Wowsers. On a day to day basis these might be too much and a bit uncomfortable. I think they would be stunning for a special occasion. I'm saving this link. (Perhaps the pet collar folks would consider making matching human bling ; ). These remind me of 1960s poodle attire!


----------



## Indiana (Sep 11, 2011)

They are very pretty! I have a few fancy collars for the dogs, I would definitely get a couple as well for special occasions, I've never seen anything so luxurious as these. Funny story; I got Indy a pink leather with rhinestones a year or so ago, and Maddy carefully chewed off all the rhinestones. The back yard was pretty glittery for a few days after that!


----------



## Carolinek (Apr 2, 2014)

They remind of vintage poodle attire too. I am so into that....I like thinking of a time before people didn't want their poodles to look like poodles! 

That's such a big appeal of poodles for me- that they are so pretty and frou- frou on the outside, but underneath is an Einstein brain and an Olympian body! I think the contrast is unbelievably cool. 

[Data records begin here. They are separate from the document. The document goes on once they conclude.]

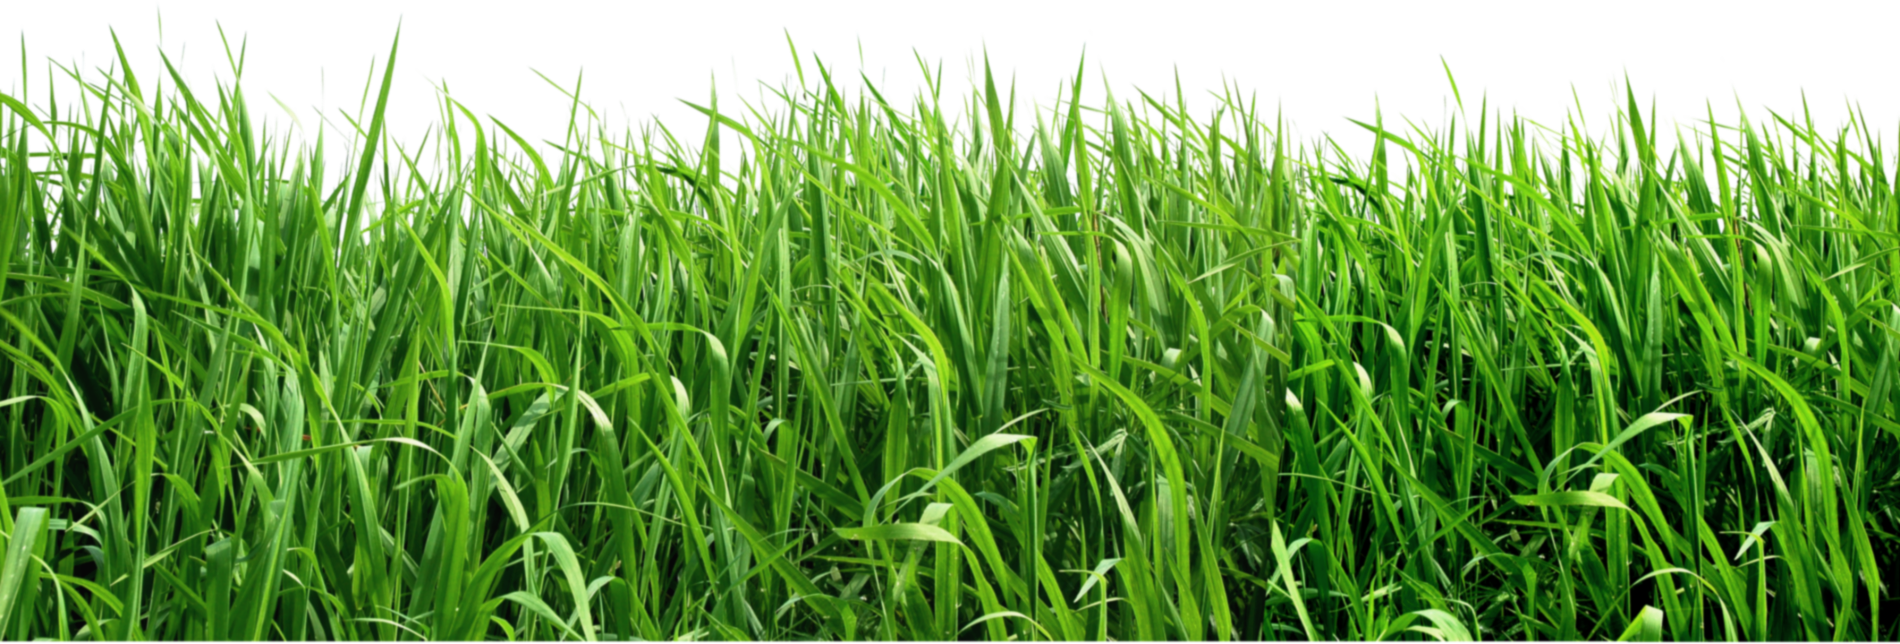 Imagen PNG de la hierba
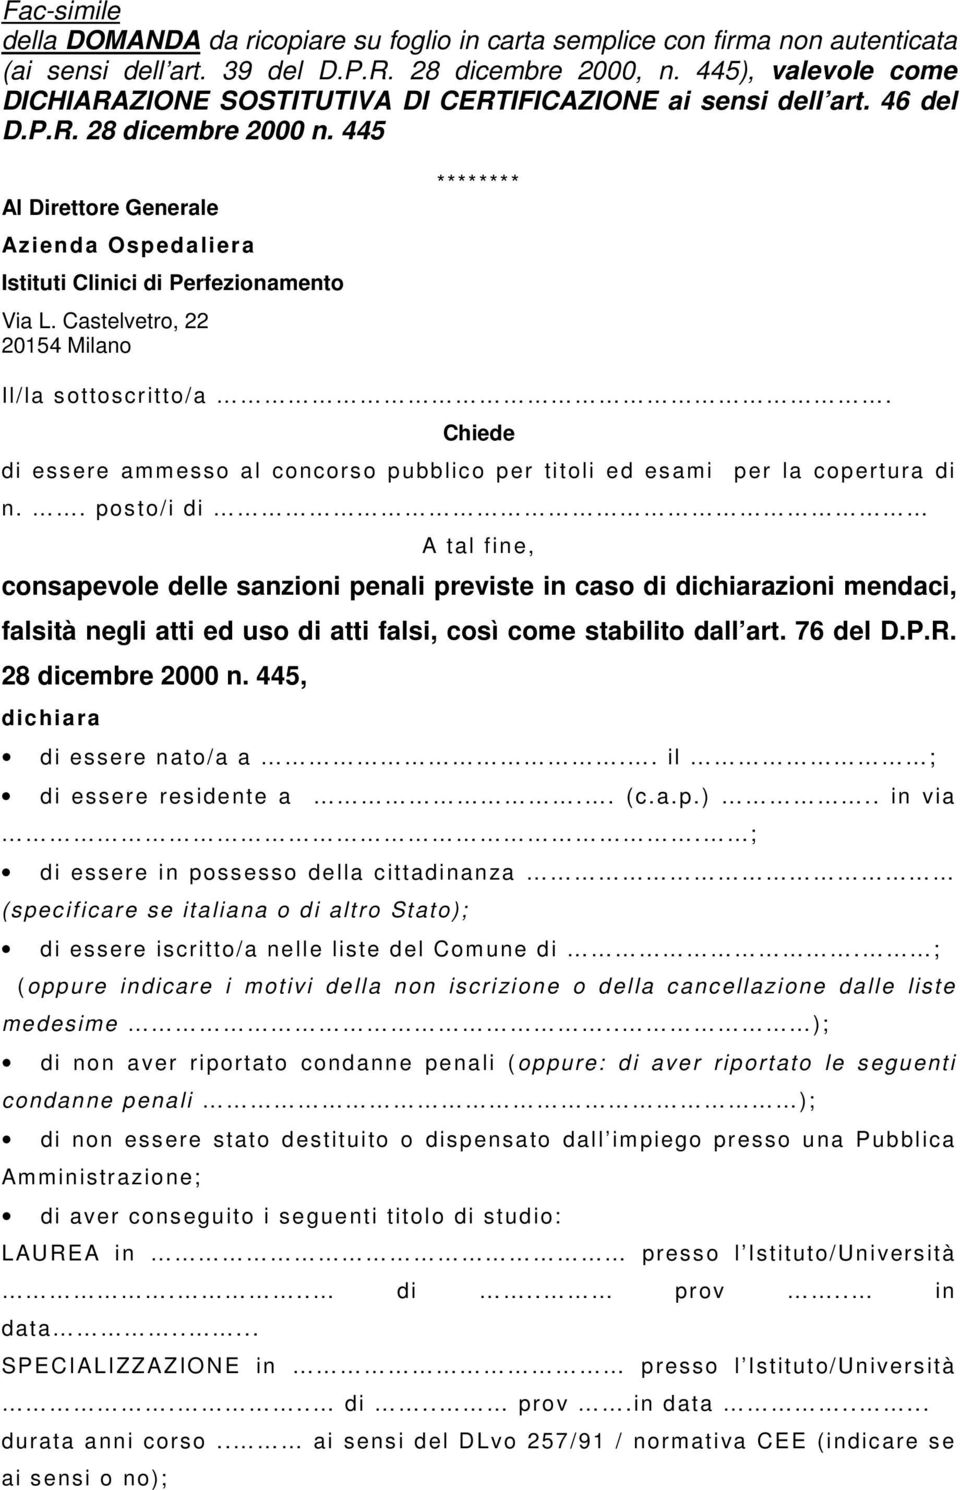 445 Al Direttore Generale Azienda Ospedaliera Istituti Clinici di Perfezionamento Via L. Castelvetro, 22 20154 Milano ******** Il/la sottoscritto/a.
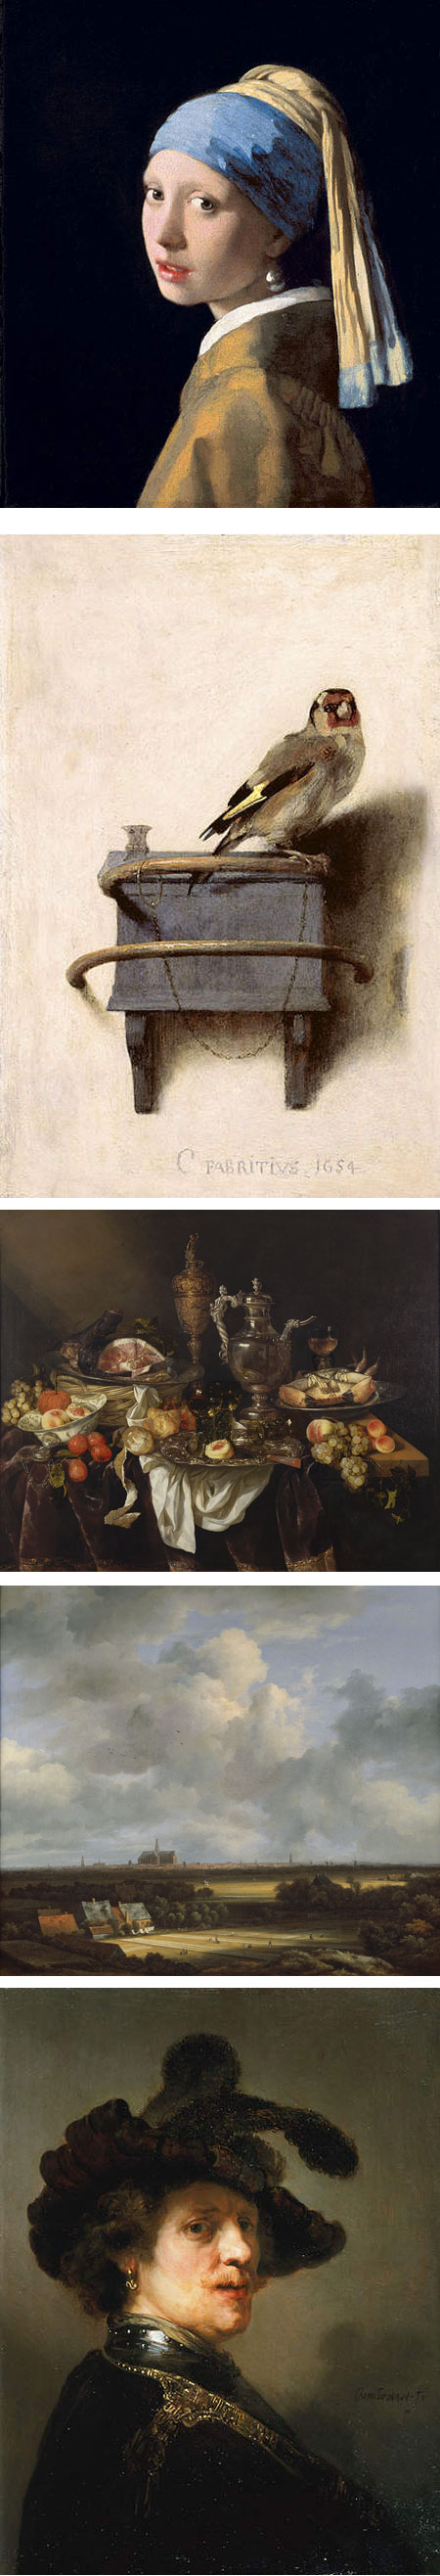 Girl With a Pearl Earring: Dutch Paintings From the Mauritshuis, Johnannes Vermeer, Carel Fabritius, Abraham van Beyeren, Jacob van Ruisdael, Reambrandt van Rijn
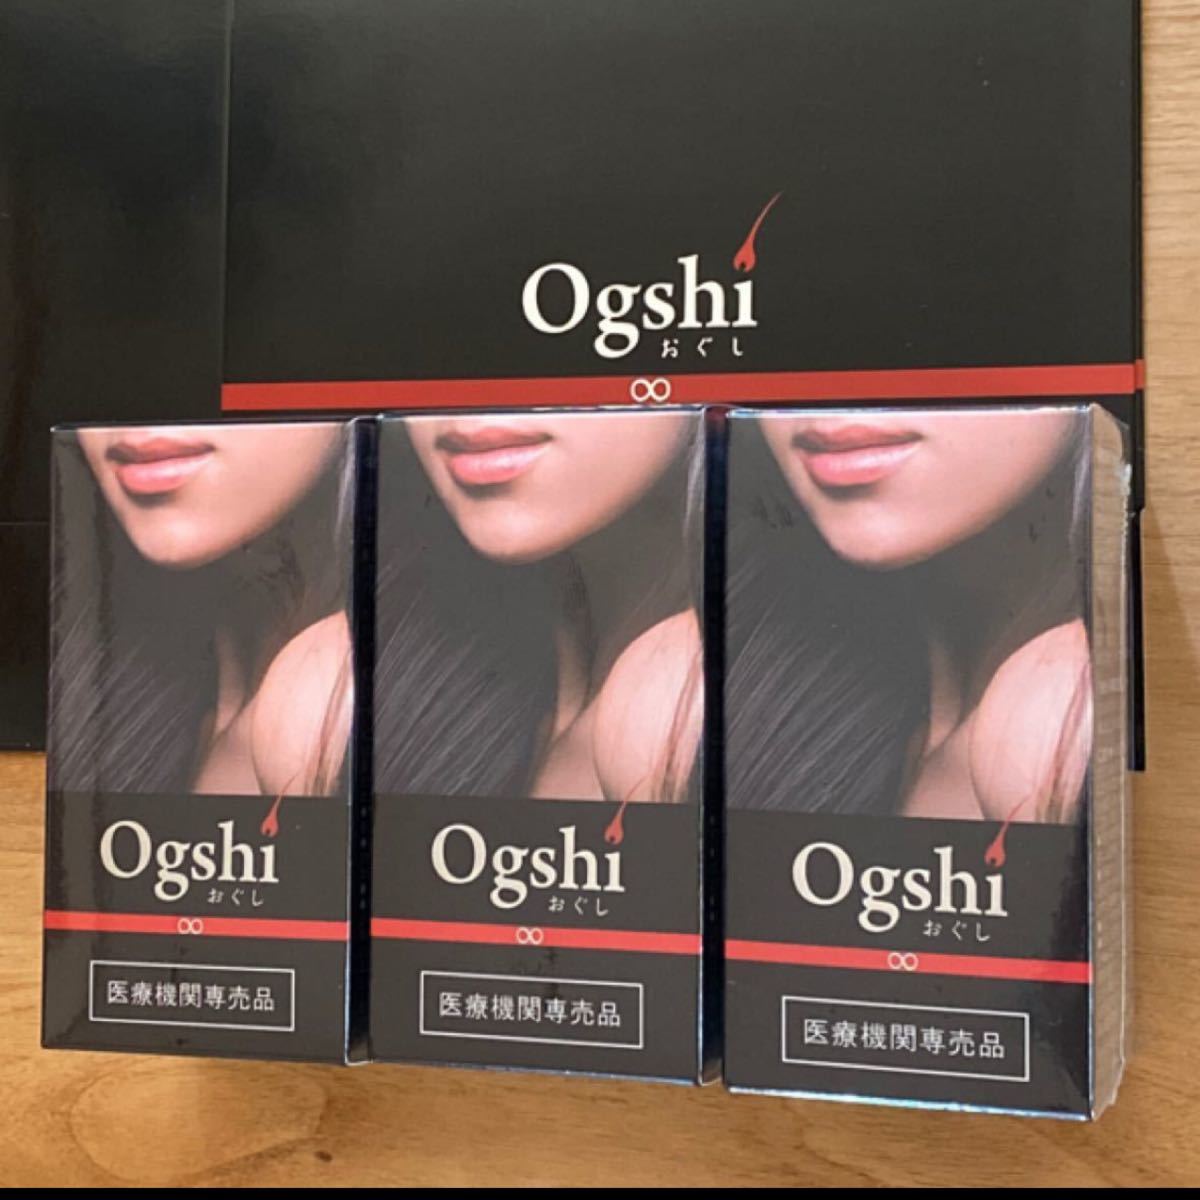 新品 未使用 ogshi おぐし サプリ 3個セット コスメ・香水・美容

When my 12 lb Lily bounds past a 70 lb panting lab on a hike without missing a step, and then scales the boulder on the side of the trail like a mountain goat just to be a little show-off.....all while sporting her frilly, pink Puppia harness and Miami clip....well, I just chuckle inside! Of course, I am panting like the lab- and looking for the next boulder to sit on

Indiana- I laughed so hard at the image of rhinestone poops- too funny! Guess that's what she thought of the bling!


----------



## Indiana (Sep 11, 2011)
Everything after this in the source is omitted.